There are ways that can enhance the ability of minimum capital rule to protect creditors. One way is by imitating the minimum capital adequacy ratios used for banks who are requested to have an equity capital ratio in proportion to their risk-weighted assets. However, this option is not economical since the efforts to design, set, monitor and enforce a minimum capital that changes with each company`s risk exposure would be huge. In addition, the estimation of the appropriate level of capitalization will be difficult and it involves a lot of subjective decisions9. Another way is to increase the minimum capital required or by linking it to some inflation measure. However, this method will inhibit entrepreneurship as it will increase the price for limited liability without solving other shortcomings of the minimum capital rule such as it will be long gone at the time the company file for bankruptcy.

Conclusion

In conclusion, the company act 2006 imposes a minimum capital for public companies to meet. The aim for usch rule is to provide creditor protection by obliging owners to contribute to the business from their own money and to ensure that companies operating a hazardous activity will not be undercapitalized. However, upon careful analysis, the minimum capital rule does not provide adequate protection to creditors. The amount set is arbitrarily fixed. It is not linked to the company`s financial needs (based on its risk profile) nor it is linked to an inflation index.

Moreover, the minimum capital requirement is used to purchase equipment that depreciates or to finance working capital and it will be long gone when the company becomes insolvent.
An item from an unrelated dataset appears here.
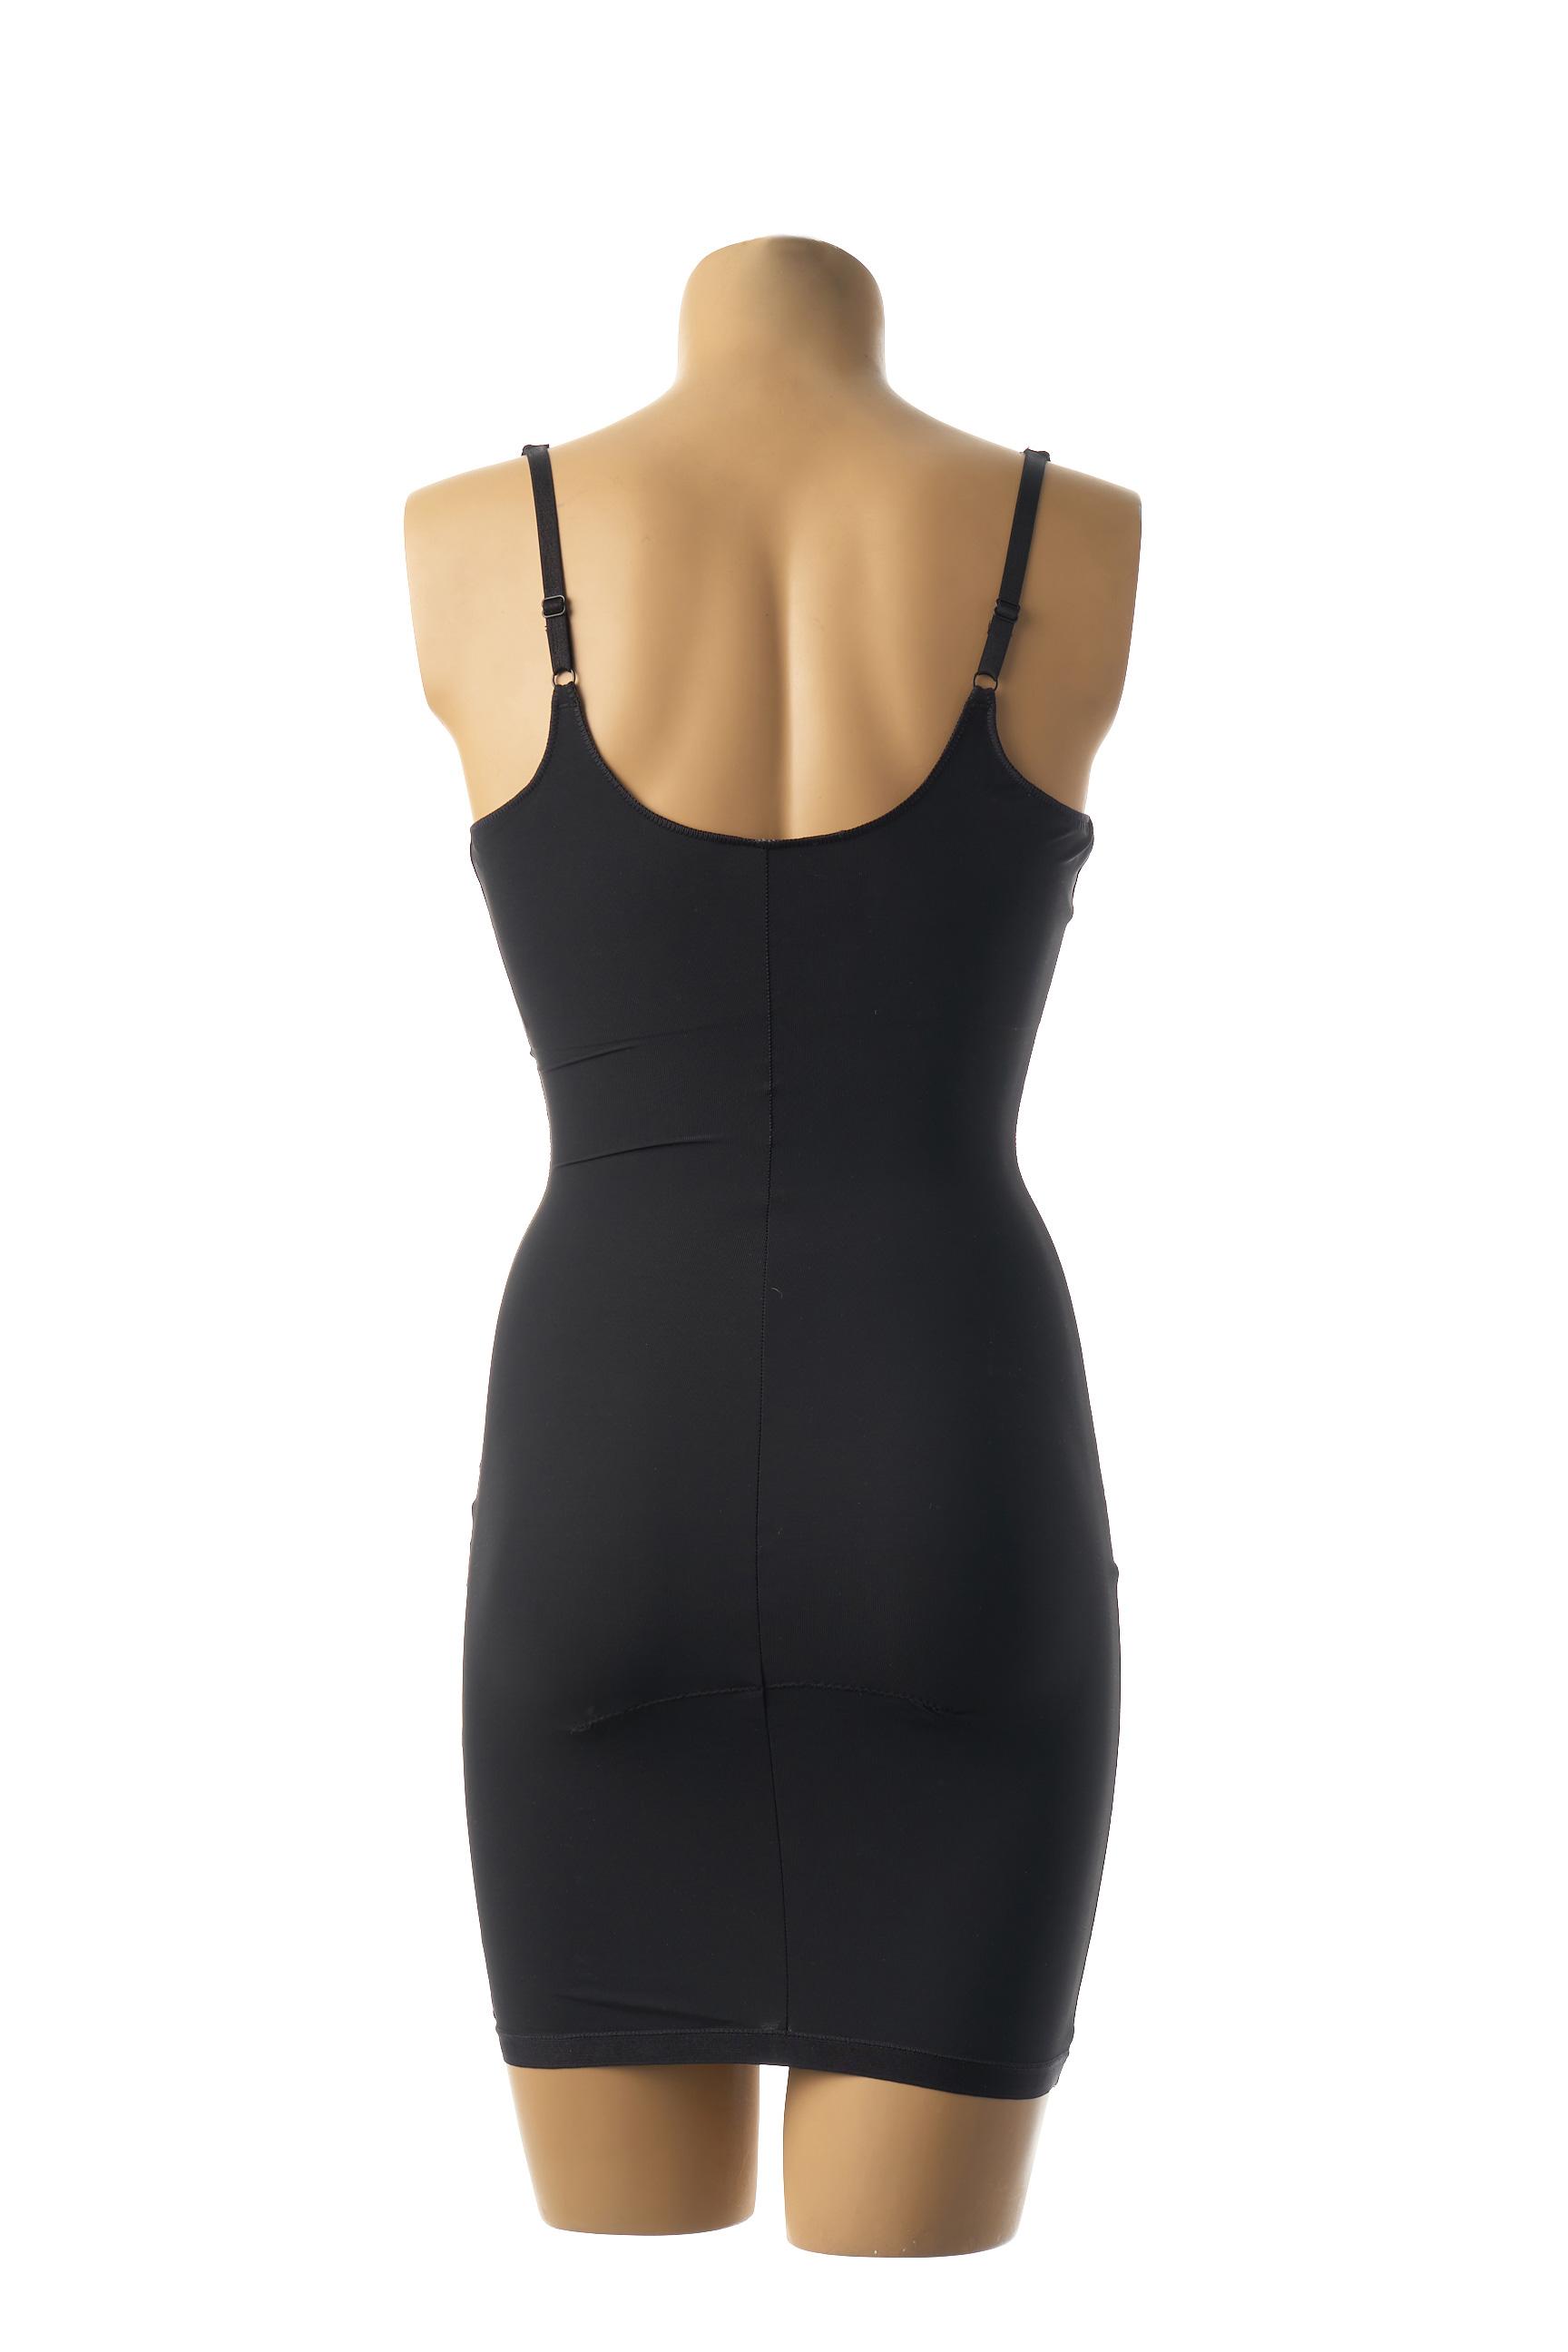 Ysabel Mora Jupons Fonds De Robe Femme De Couleur Noir En Soldes Pas Cher 1457062 Noir00 Modz

Minimum capital rules could be made to have a significant impact. One method is to imitate the minimum capital adequacy ratios used in the banking and financial center. This method, however, will be costly in terms of finding the appropriate capitalization for each enterprise and in terms of monitoring and enforcing companies to top up (although monitoring and enforcing could be assigned to creditors). The second method is to increase the amount of minimum capital or to link it to an inflation index but this will not overcome the other deficiency of the minimum capital rule.

1 Company Act 2016 S 761-762.
2 Armour, J. (2006). Legal Capital: an Outdated Concept? European Business Organization Law Review, 5–27.
3 Davies, P., & Worthington, S. (2016). Gower Principles of Modern Company Law. UK: Thomson Reuters.
4 Schön, W. (2004 5(3)). The Future of Legal Capital. European Business Organization Law Review, 429–448.
5 Kershaw, D. (2009). Company Law in Context. Oxford University Press.
6 Reinier, K., Armour, J., & Davies, P. (2009). The Anatomy of Corporate Law: A Comparative and Functional Approach. Oxford University Press.
7 Rickford, J. (. (2004, Issue 4). Reforming Capital: Report of the Interdisciplinary Group on Capital Maintenance. European Business Law Review, pp. 919–1027.
8 Armour, J. (2006). Legal Capital: an Outdated Concept? European Business Organization Law Review, 5–27.
9 Grantham, R., & Rickett, C. E. (1998). Corporate Personality in the 20th Century. Hart Publishing.